• _Stored data_
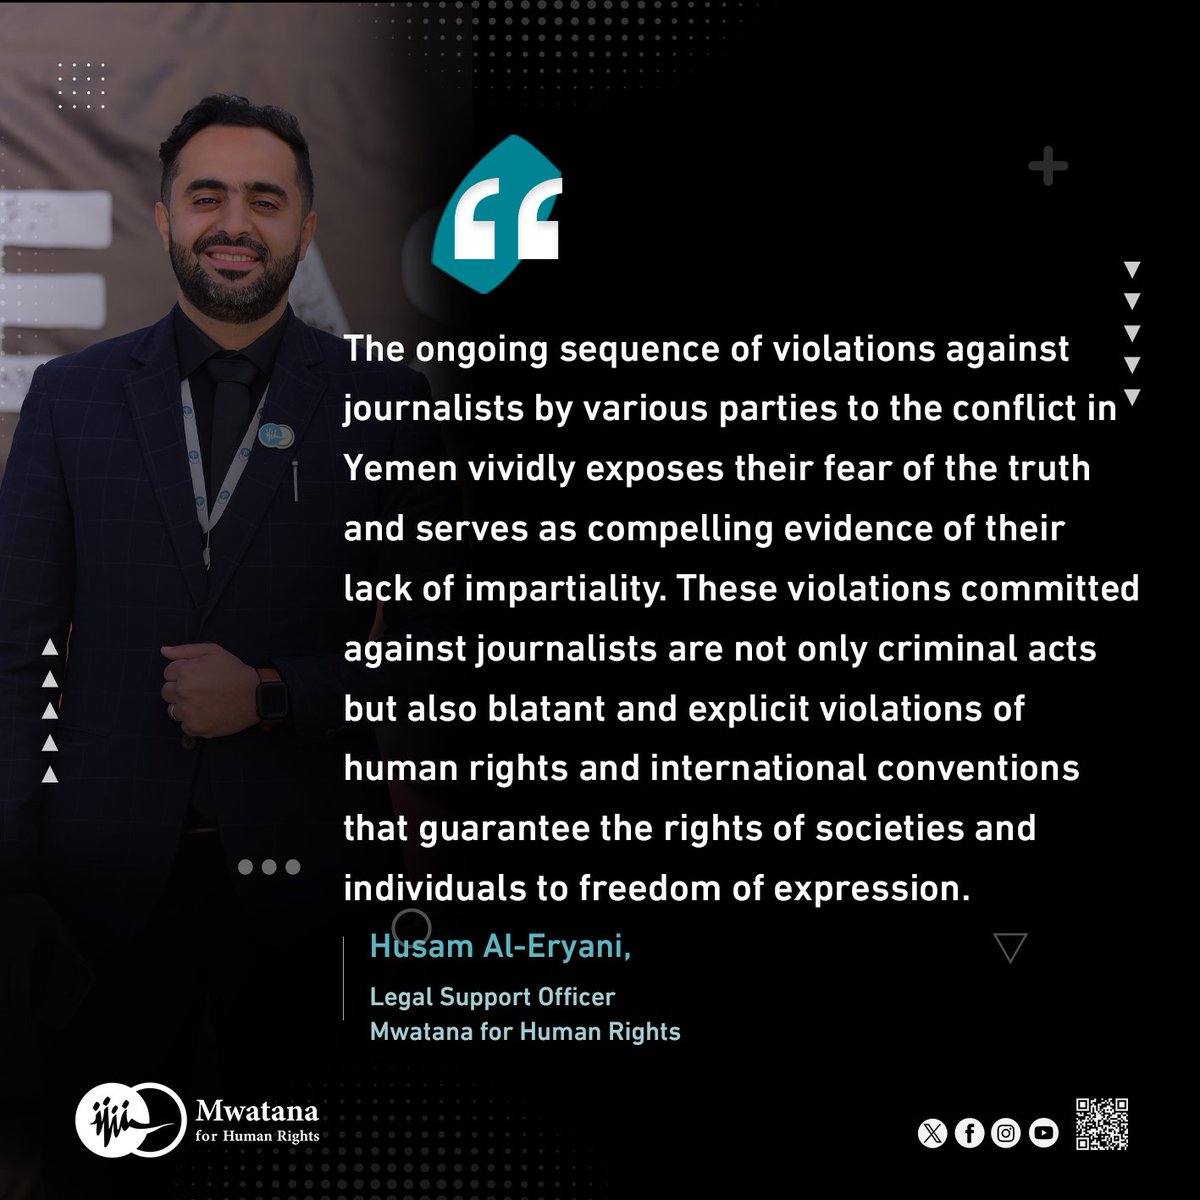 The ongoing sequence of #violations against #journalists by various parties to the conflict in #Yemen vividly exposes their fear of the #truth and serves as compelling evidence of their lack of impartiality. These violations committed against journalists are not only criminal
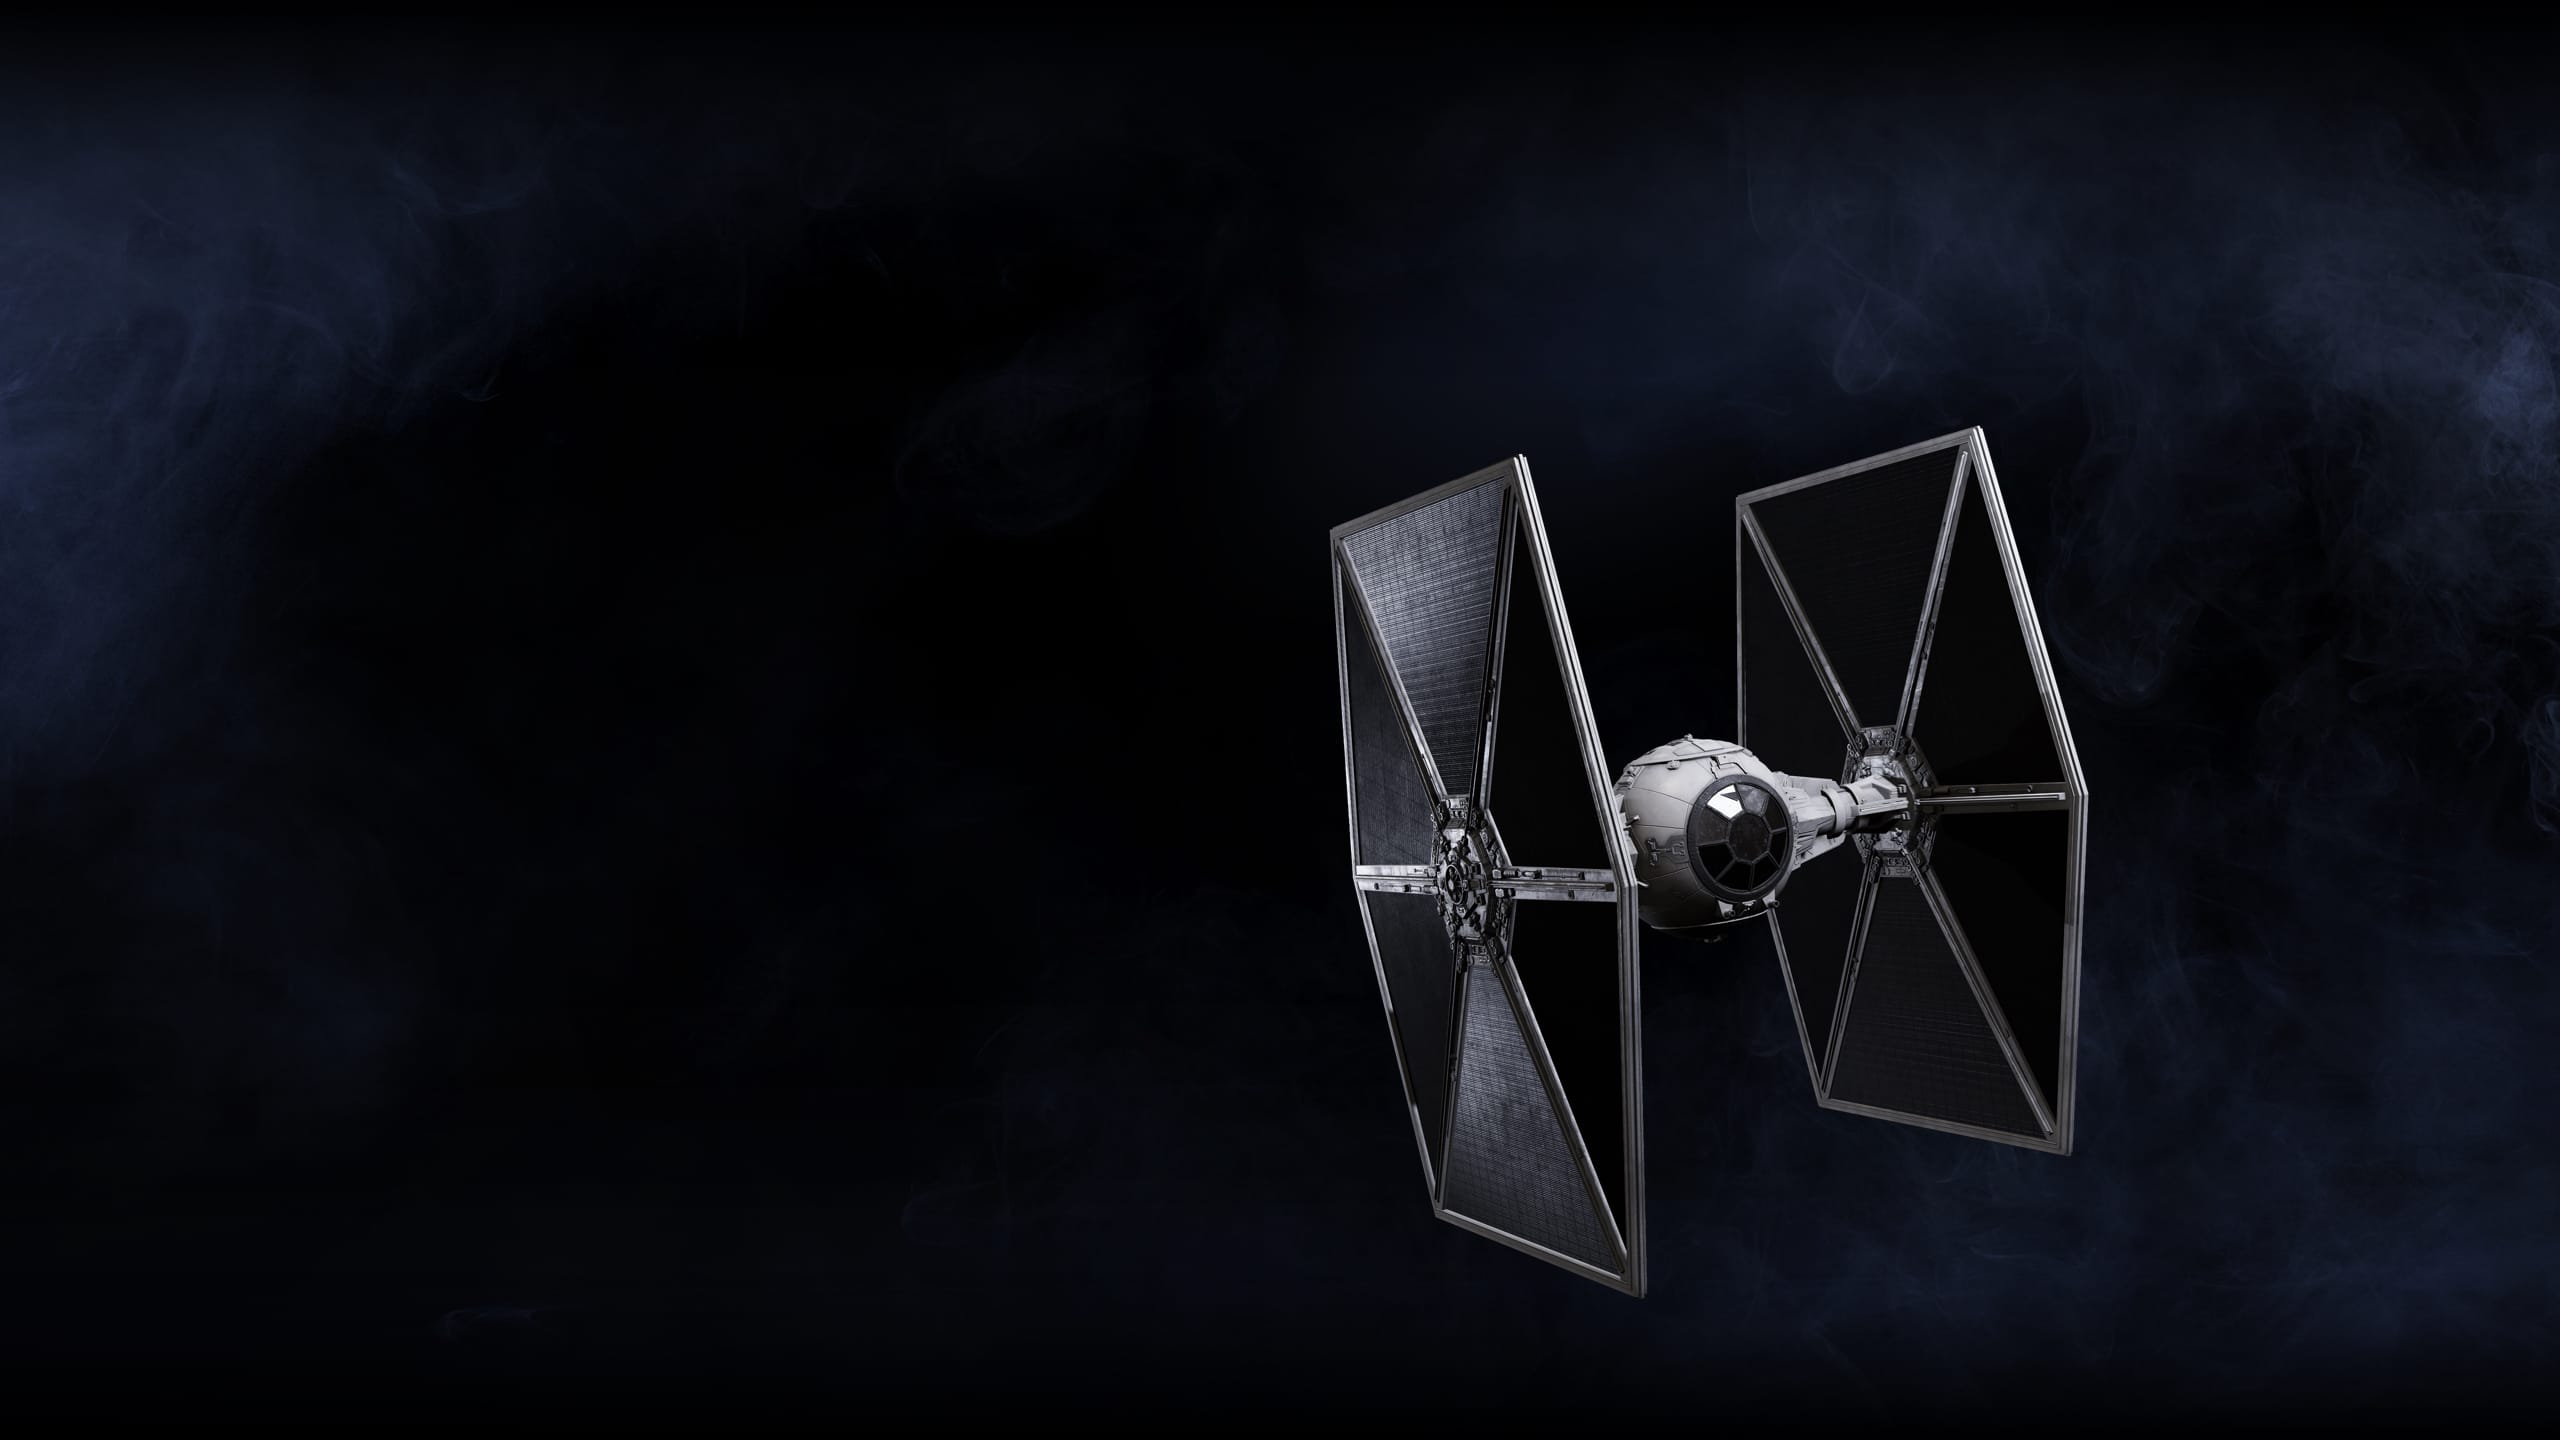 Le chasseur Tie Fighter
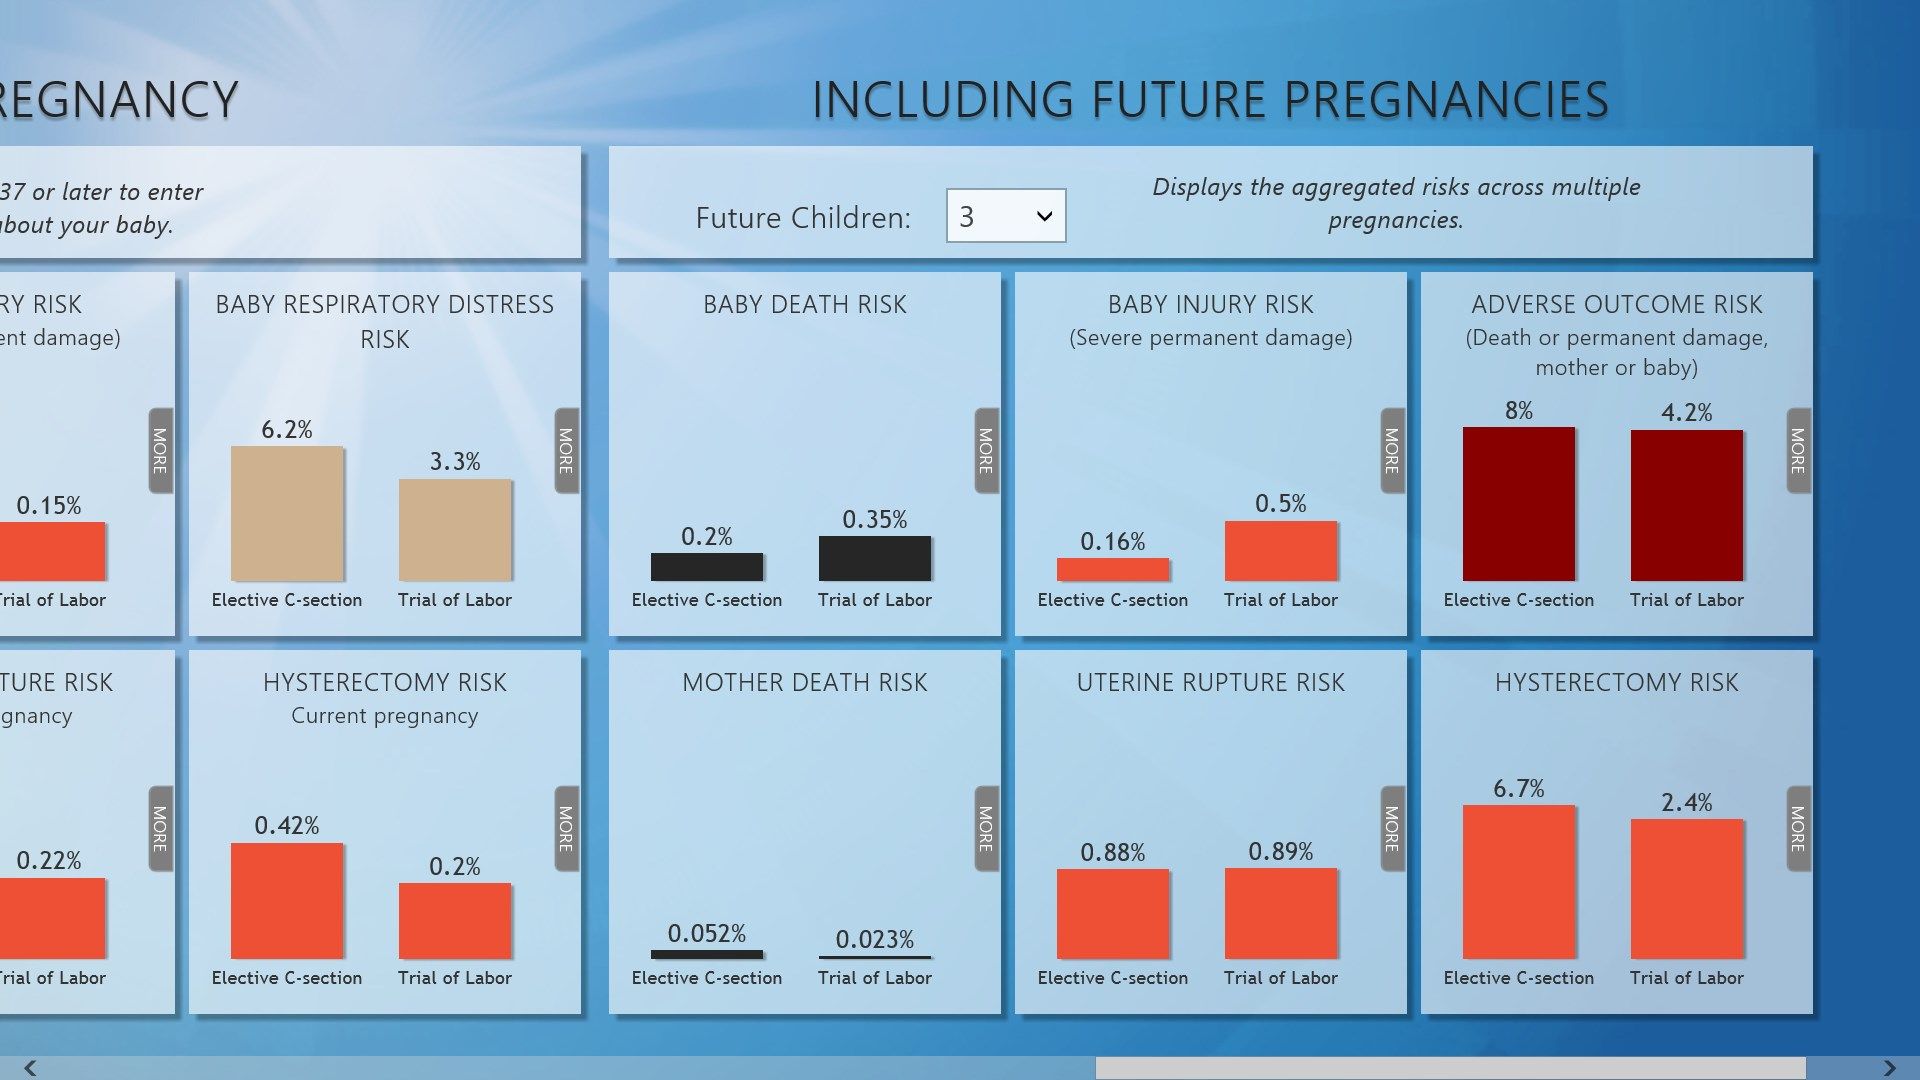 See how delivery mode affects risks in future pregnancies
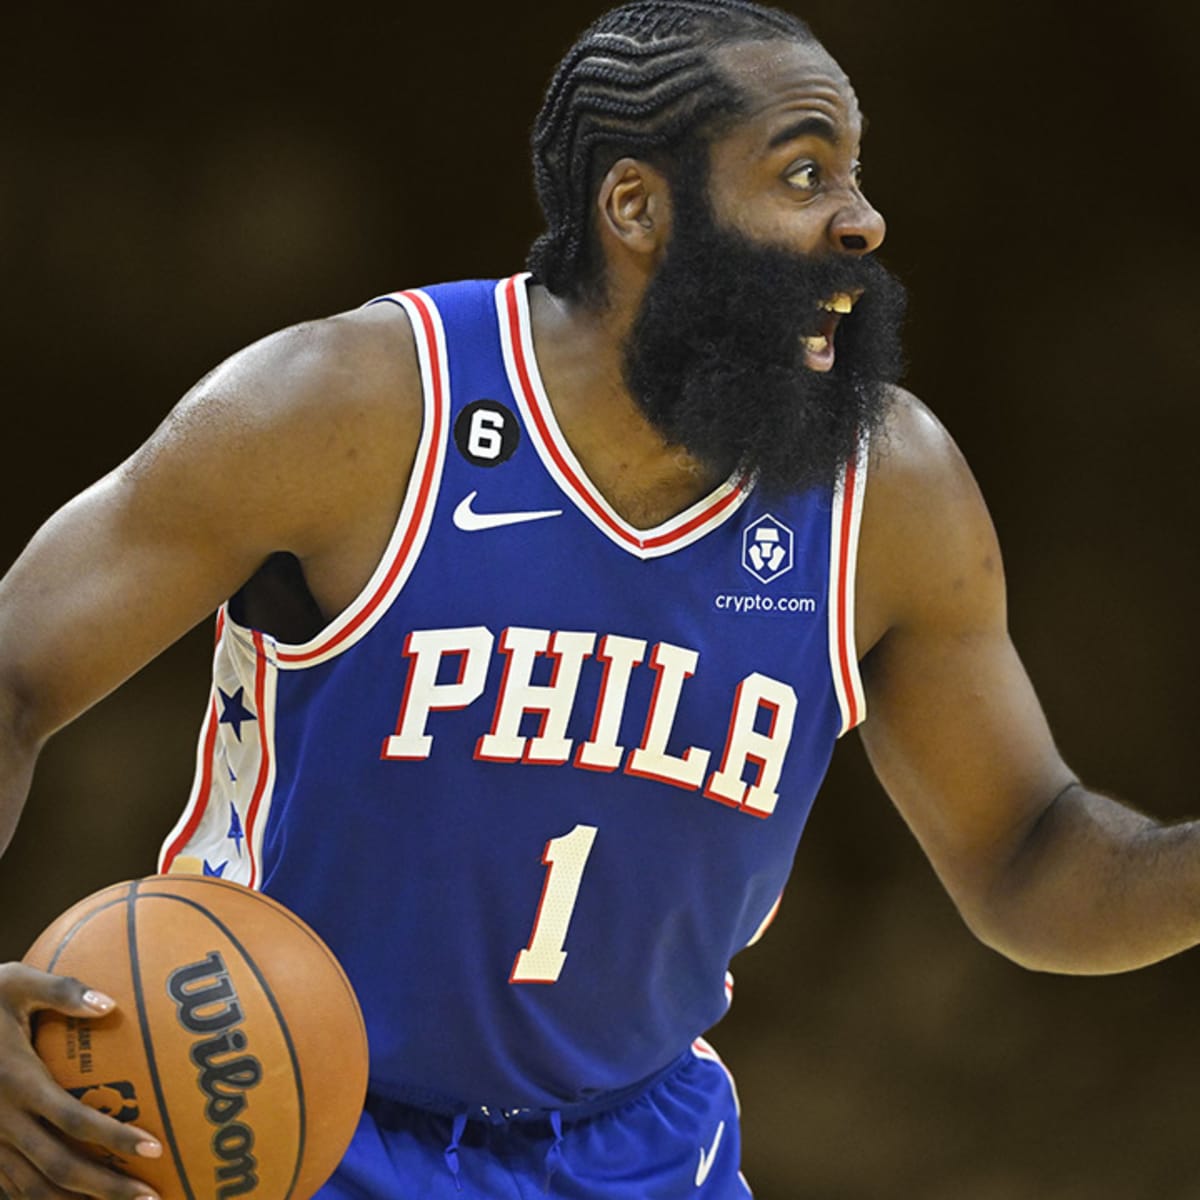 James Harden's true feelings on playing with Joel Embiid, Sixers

• _What you are asked to do_
Beginning with the line that includes "Le chasseur Tie Fighter" and ending with the last line of the material, reproduce those lines exactly and nothing else, with no pictures.

• _Reply to the task_
 Le chasseur Tie Fighter
 See how delivery mode affects risks in future pregnancies
 James Harden's true feelings on playing with Joel Embiid, Sixers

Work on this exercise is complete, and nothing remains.